Ihr Gesicht verfinsterte sich. »Ich … Nein … Harlow, ich …«
»Hey, sag es mir einfach!«, forderte ich ungewollt schroff. »Sie bekommt keine Probleme, versprochen«, setzte ich freundlicher nach.
»Ich dachte, sie hätte wie immer die Finger vom Alkohol gelassen. Aber sie benahm sich plötzlich so komisch. Ihre Augen waren glasig und ihre Stimme verwaschen.«
»Ruby trinkt keinen Alkohol«, stimmte ich ihr zu.
»Genau. Aber sie redete wirr. Von Bäumen und einem Wald. Ich habe Oli mit ihr in Richtung Buschland torkeln sehen. Vermutlich will er sich abseits um sie kümmern.« Das schlechte Gewissen schwang deutlich in der Stimme der jungen Hexe mit.
Jede von uns Hexen bekam von Kindesbeinen an eingebläut, dass wir große Ansammlungen von Bäumen und Büschen zu meiden hatten. Nur den Hyde-Park inmitten von Sydney durfte ich besuchen, wenn ich die Lust nach Natur verspürte, da der Baumbestand dort verteilter war als im Buschland.
Zur Urmutter, ich erinnerte mich noch genau, wie Angelina ausgerastet war, als ich fragte, ob wir die Blue Mountains besichtigen könnten.

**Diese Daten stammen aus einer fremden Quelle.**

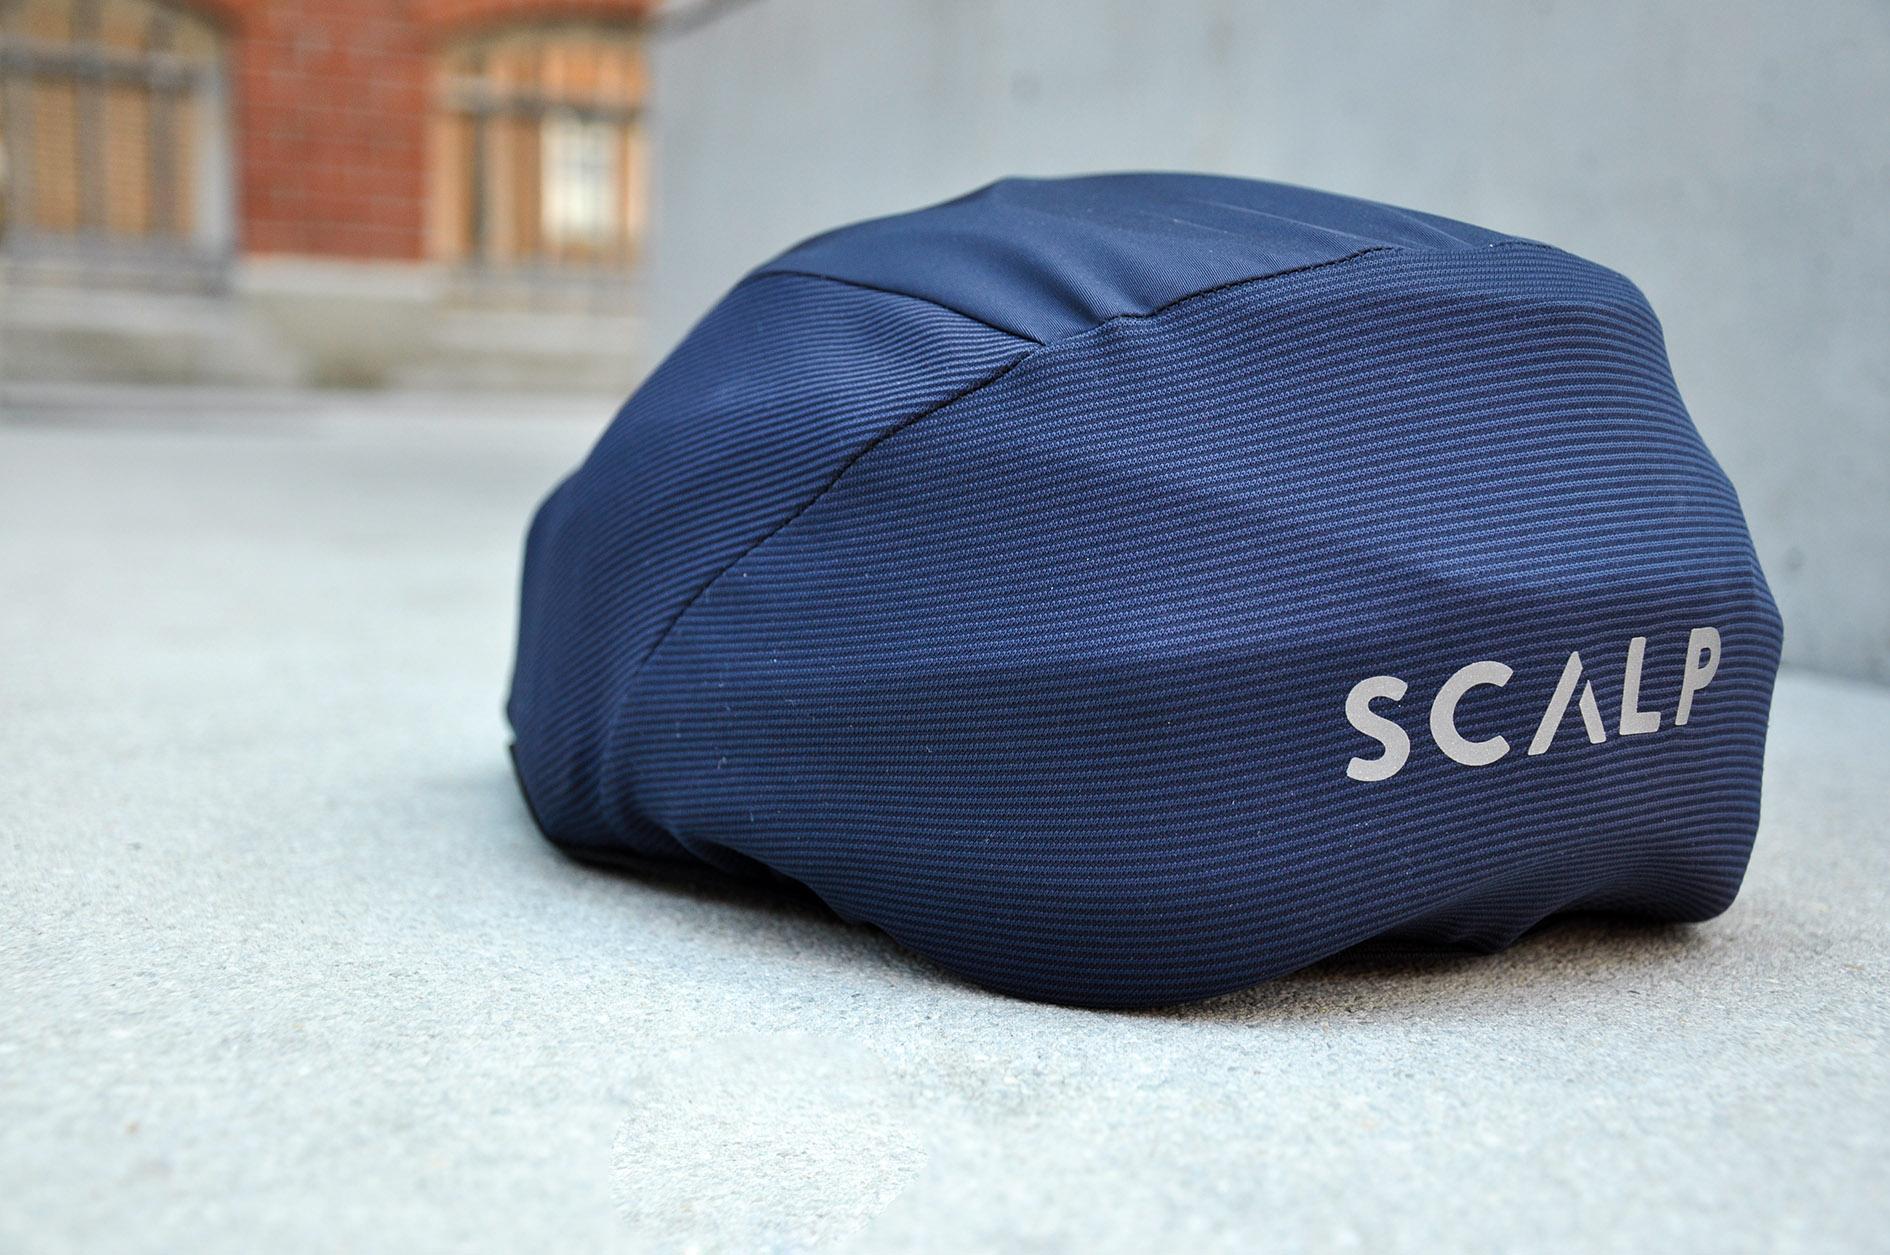 scalp fahrradhelm cover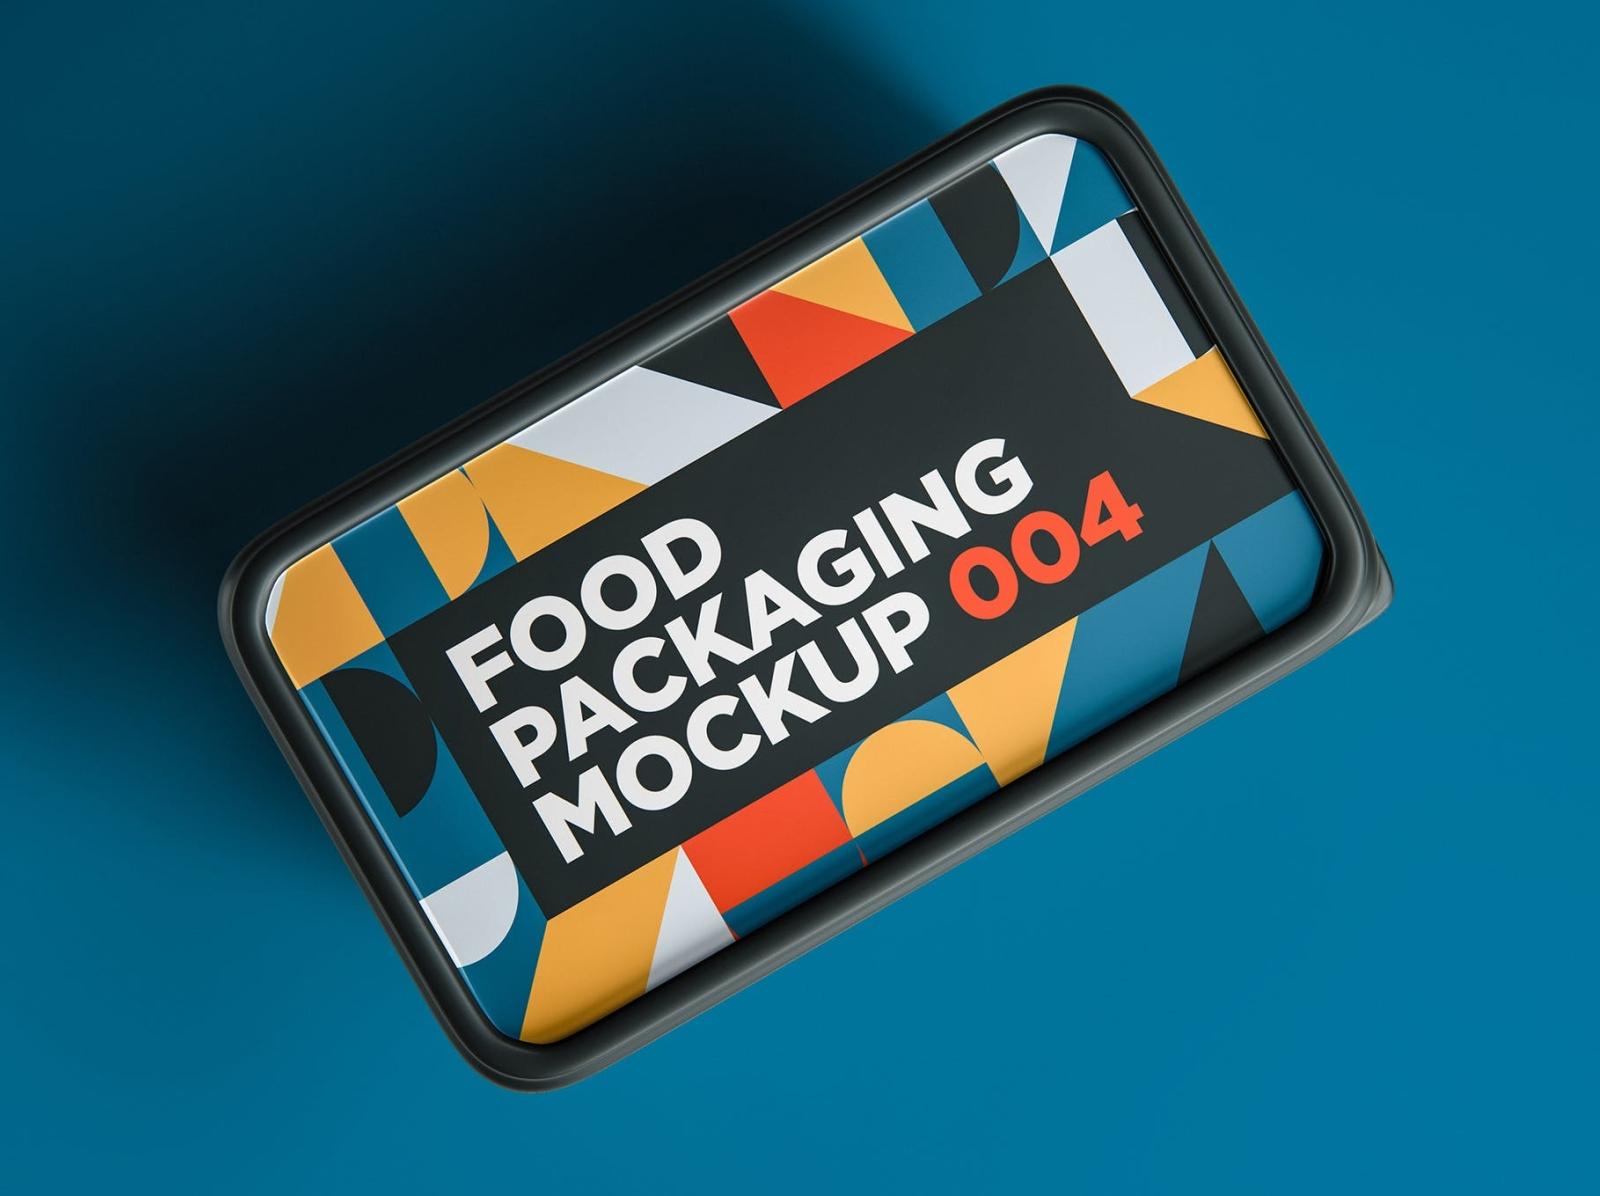 Food Packaging Box Mockup packaging design package design food box mockup package packaging food typography ux vector ui 3d logo illustration graphic design design branding

Kilometer von Eukalyptusbäumen bildeten dort eine riesige Waldlandschaft, die durch den Dunst der Bäume blau schimmerte. Nie zuvor hatte ich Angelina so wütend und verängstigt zugleich erlebt. Es erübrigte sich zu erwähnen, dass ich nach einundzwanzig Jahren nicht einmal in die Nähe der Blue Mountains gekommen war, oder?
Teagan musterte die junge Hexe, dann mich. Sie schüttelte kaum merklich den Kopf. Ihre Augen waren durchtränkt von Sorge, die vollen Lippen zu einer dünnen Linie zusammengepresst.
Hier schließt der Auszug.